夢見るように、考えたい

池田晶子さんの喝、”悩むな!考えろ!”を銘としております。

止まる時間、動く時間。

沢木耕太郎の”銀河を渡る”を、読んでいる。

 

副題は、”全エッセイ”、あとがきによると25年分のほぼ純粋にエッセイと呼べるものを掲載したものであるという。

 

同じくあとがきによると、”かつて、山口瞳は、私のエッセイについて「エッセイを小説のように書く」と評したことがあった。そして、自分自身については「小説を随筆のように書く」のだとも。 その「エッセイ」を「ノンフィクション」に置き換えると、私は「ノンフィクションをフィクションのように書いている」ということになるのかもしれない。”(P.459)”ノンフィクションとフィクションのあいだには越えがたい、あるいは超えてはならない一線がある”(同)と書く。

 

個人的には、いわゆる子供時分には、ほぼフィクションばかりを好んで読んだ。それも主には幻想小説といわれるものを、探しては読んでいた。

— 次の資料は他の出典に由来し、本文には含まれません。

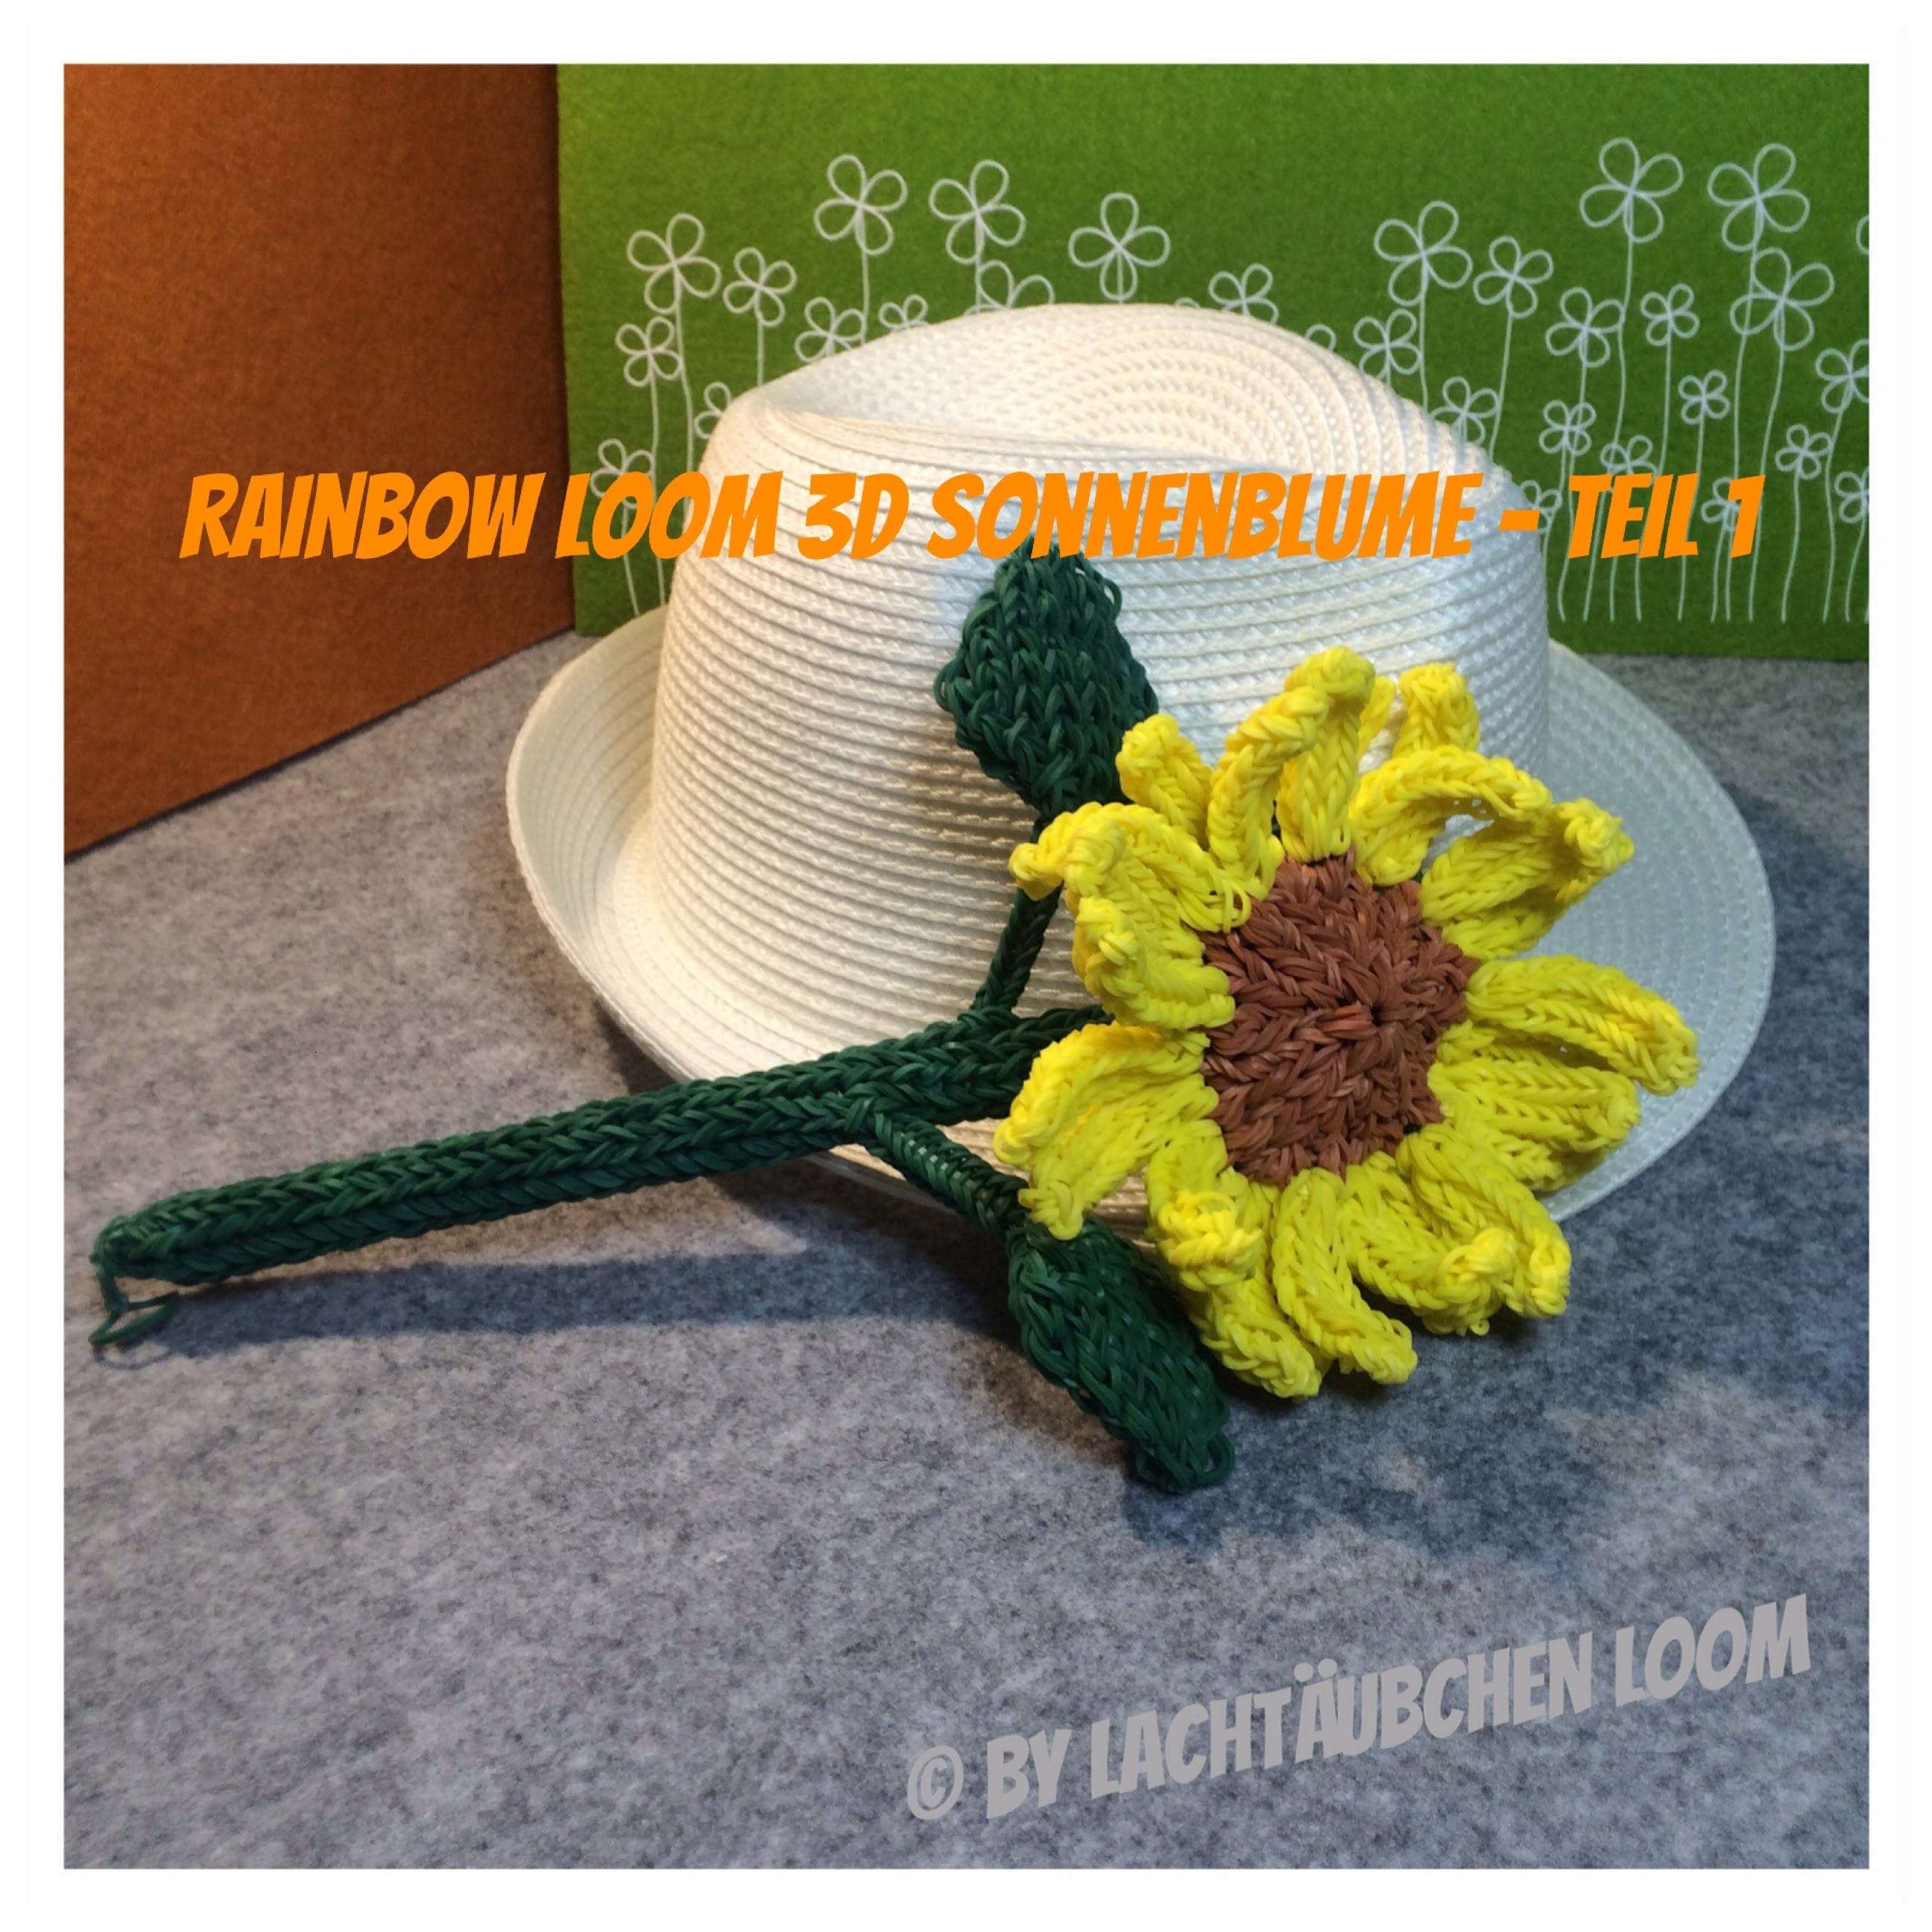 Rainbow Loom 3D Sonnenblume - von Lachtäubchen Loom - Teil 1

当時は今ほどファンタジーが盛んとは言えず、”ファンタジー”臭いものを探して読む、という愉しみもあった。どちらかというと、日本ものよりは、英米系のものが好きであったように思う。その中でもハイファンタジーが特に好きであったが、いわゆる行って帰って来る(ナルニア系)のものでもよかった。私の子供時代の置かれた気持ちが、そうしたものを好んでいた理由でもあったのかもしれない。

いま、ここではないどこかへ。

私は本の世界へと、現実から、逃避していたのである。

 

運動ができない子供だった私は、自らの価値が”野球力”(当時はサッカーより野球だった)に在るコドモ世界では、自分が主役ではないことに気づいていたし、傷ついてもいた。別に好きで運動ができないわけではない。ただ、できない存在としてこの世でやってゆく必要があるようだ。仕方がないかもしれない、だが読み物の中でだけは。。

 

いつからか、気が付くとノンフィクションを好んで読んでいる自分がいた。大人になって、運動だけが評価基準ではない世界に来たからかもしれない。あるいは生来の天邪鬼気質で、幻想譚が主流になったような最近の読書環境に若干食傷気味、というところもあるだろうか。

 

沢木耕太郎という人は、”男の王道”を行く人、というイメージがある。

本作の中でも、高校時代は人に頼まれ、さまざまなまとめ役をやったという。

さっぱりとして、人望があり、自分の世界をしっかりと持っている。

 

こうしたひとに対しては、私は心の底ではジェラシーをもっているようだ。自然体でそうあるひと。なにをやってもかなわない。そもそも人との比較など、全く考えもしない人であろう。

 

運動もできるだろう。背も高いようだ。

 

こうしたうじうじした気持ちを持つこと自体、というか、持たせる存在である人である、ということが、即私を複雑な気持ちにさせる。

 

沢木さんは物欲がほとんどないという。鏡をみることもほぼ無いそうだ。

 

そんな私とはほぼ正反対の沢木さんのエッセイであるが、だが面白い。読むことが、沢木さんとの会話であるようだ。正反対な人、だからよけいなのか。

 

そんなことも思いながら読み進めている。

 

あわただしい時期、沢木を読んでいると、ふと時間が静止したような気がした。

沢木が切り取って、送ってくれた旅の風景。

 

それを味わって、一瞬が永遠となり、

 

そしてすぐに動きだす。

 

 

71ページに三島由紀夫がエッセイの末尾にしたためた一文がある。

 

三島の日本への祈り、「世界の静かな中心であれ」。

 

 

この一文にであっただけで、今日はもうおつりがくるなあ。

 

長年利用してきた”はてなダイアリー”から、”はてなブログ”へ移行することになった。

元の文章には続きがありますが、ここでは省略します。